An architect of the global and Australian player association movements as a co-founder of the World Players Association (WPA), FIFPRO Asia / Oceania, the Australian Athletes’ Alliance, and the PFA, Schwab has played an instrumental role in the transformation of Australian football over the last two decades.
Throughout a 30-year career, Schwab has represented and worked with multiple teams and athletes in several sports, including the Socceroos and Matildas and players in the National Soccer League and A-Leagues.
Schwab helped organise the players to deeply understand that the wellbeing of the game was a precondition not only to their own wellbeing but to tapping the game’s enormous potential in Australia. This meant the players became central drivers of key football industry reforms, including the creation of a new governing body (Football Federation Australia), a new men’s professional league (the A-League), establishing engagement with Asia and football’s commitment to universal principles such as gender equality.
Now the Executive Director of the Swiss-based WPA, Schwab helped establish the PFA in 1993 and oversaw the progression of the players’ union and the growth of Australian football for over two decades.

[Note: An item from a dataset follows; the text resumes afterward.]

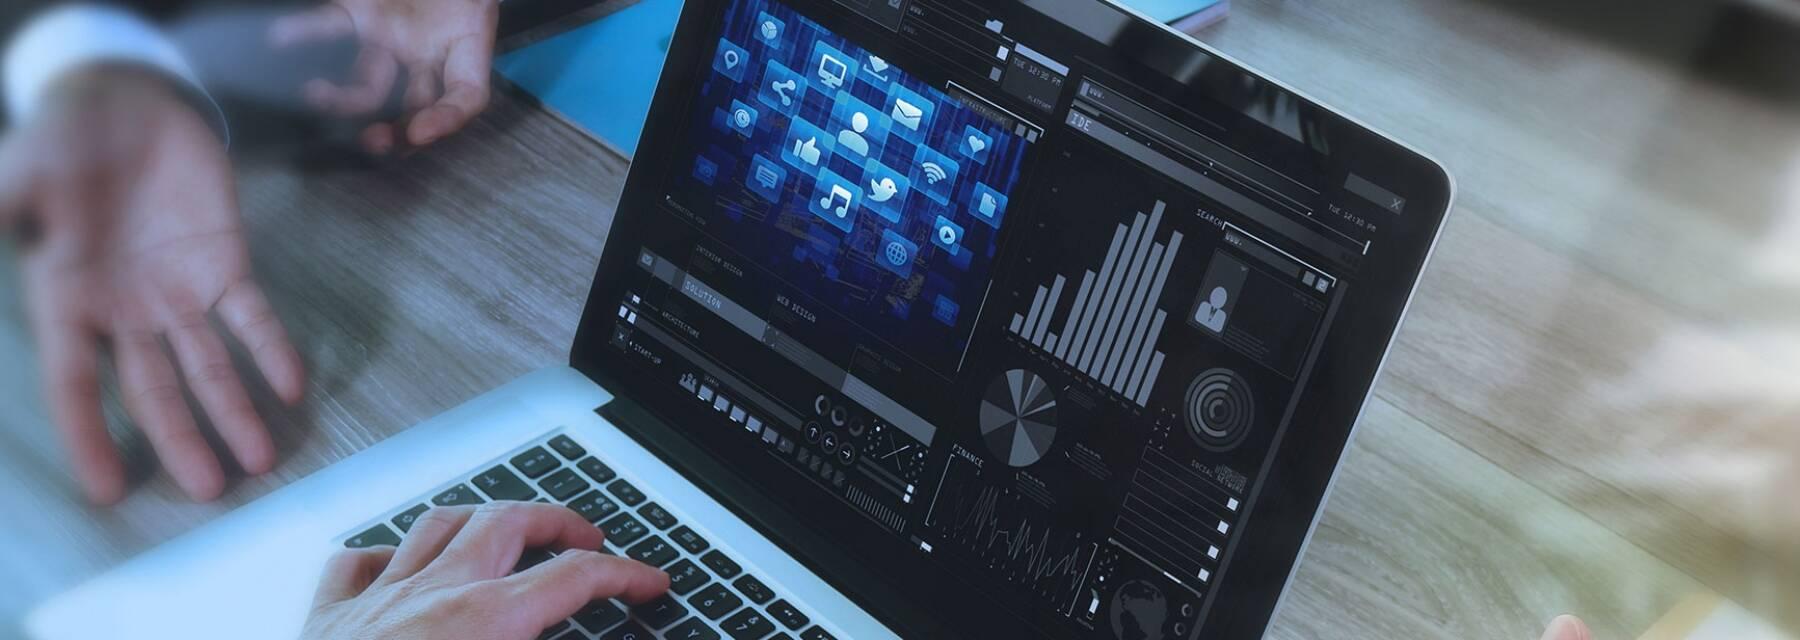 social-media-analysis-service

A respected strategist and formidable negotiator with a deep commitment to Australian football, Schwab said his induction really belongs to the thousands of players who have made the PFA indispensable to building the game and a vital support for players as they pursue their careers and development as people.
“It is a great honour to accept induction into the Football Australia Hall of Fame,” Schwab said. “I do so not as an individual – but on behalf of the generations of Australia’s professional footballers who have united through their union – the PFA – to shape the future of the game in this country profoundly for the better.
“If this honour says anything, it is perhaps some recognition on the part of the game as a whole that the work of the players, through their union, has unquestionably been in the best interests of the game.”
Over the past five years, Schwab has helped pioneer global sport and human rights movements, by negotiating major human rights commitments with international governing bodies including FIFA.
Current PFA President, Sydney FC captain Alex Wilkinson, paid tribute to Schwab’s contribution to Australian football and in particular, his tireless commitment to Australia’s professional players.
“Brendan’s contribution to generations of Australian footballers has been absolutely immense. By establishing the PFA and by working for players for so long, Brendan has had a great impact on countless players’ lives.
“By advocating for their rights, their work conditions and their security of employment, the players of today would have nowhere near the conditions they have without Brendan’s work.”
Earlier this year, PFA Co-Chief Executive Kathryn Gill was inducted into the Football Australia Hall of Fame. A former AFC Women’s Player of the Year, Matildas captain and long-serving member of the PFA Matildas Committee, Gill became the first woman to be appointed to the PFA Executive Committee.
Since the initial induction of 84 players and participants in 1999, more than 250 male and female players, coaches, referees, administrators, and media representatives have been recognised for their outstanding contributions to Australian football through their induction in the FA Hall of Fame.